I keep thinking for some reason of all the people in the world, lost, lonely, needy, poor, wounded, fighting...and How God came to give them abundant life. Or those who are hurt and full or regret, who won't forgive themselves or let life be abundant the way God desired. He never said, "I came to give you money, health, all your wildest dreams, fame and an easy life". He said that he came to give us "life to the full" and "abundant life" John 10:10
Bry and I have decided to have a whole new attitude about gratitude and let it be our guiding force for all our actions and words, the way we live life and the people that we become, who we teach our kids to be... all coming from this place of contentment and letting THAT be what guide us day to day. The abundant life God promised us is only going to come when we embrace this way of thinking. I have said before it's all about perspective... well it's about time that my beliefs start matching my actions. It's not enough just to SAY we know something if there isn't evidence of that in our lives. I love what David says about the Lord; His power, provision, and love...

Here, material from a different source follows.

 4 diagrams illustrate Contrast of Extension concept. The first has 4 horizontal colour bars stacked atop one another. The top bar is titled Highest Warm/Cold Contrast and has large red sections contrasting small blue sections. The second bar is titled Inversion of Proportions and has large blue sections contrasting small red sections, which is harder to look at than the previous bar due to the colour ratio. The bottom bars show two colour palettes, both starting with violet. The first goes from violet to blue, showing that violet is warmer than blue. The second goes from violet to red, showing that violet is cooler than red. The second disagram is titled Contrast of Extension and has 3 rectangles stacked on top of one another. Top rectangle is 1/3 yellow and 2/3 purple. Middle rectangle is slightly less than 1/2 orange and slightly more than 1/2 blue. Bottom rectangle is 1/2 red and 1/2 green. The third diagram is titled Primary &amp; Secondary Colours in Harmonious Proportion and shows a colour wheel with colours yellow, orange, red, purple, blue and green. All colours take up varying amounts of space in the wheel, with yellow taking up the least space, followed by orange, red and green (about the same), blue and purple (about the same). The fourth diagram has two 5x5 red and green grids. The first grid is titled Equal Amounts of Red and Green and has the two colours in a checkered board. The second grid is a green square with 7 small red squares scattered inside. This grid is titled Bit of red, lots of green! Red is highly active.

I cried out to God for help; I cried out to God to hear me.
When I was in distress, I sought the Lord; at night I stretched out untiring hands and my soul refused to be comforted.
I remembered you, O God, and I groaned; I mused, and my spirit grew faint. "Selah"
You kept my eyes from closing; I was too troubled to speak.
I thought about the former days, the years of long ago;
I remembered my songs in the night. My heart mused and my spirit inquired:
"Will the Lord reject forever? Will he never show his favor again?
Has his unfailing love vanished forever? Has his promise failed for all time?
Has God forgotten to be merciful? Has he in anger withheld his compassion?" "Selah"
Then I thought, "To this I will appeal: the years of the right hand of the Most High."
I will remember the deeds of the Lord; yes, I will remember your miracles of long ago.
I will meditate on all your works and consider all your mighty deeds.
Your ways, O God, are holy. What god is so great as our God?
You are the God who performs miracles; you display your power among the peoples.
With your mighty arm you redeemed your people, the descendants of Jacob and Joseph. "Selah"
The waters saw you, O God, the waters saw you and writhed; the very depths were convulsed.
The clouds poured down water, the skies resounded with thunder; your arrows flashed back and forth.
Your thunder was heard in the whirlwind, your lightning lit up the world; the earth trembled and quaked.
Your path led through the sea, your way through the mighty waters, though your footprints were not seen.
You led your people like a flock by the hand of Moses and Aaron.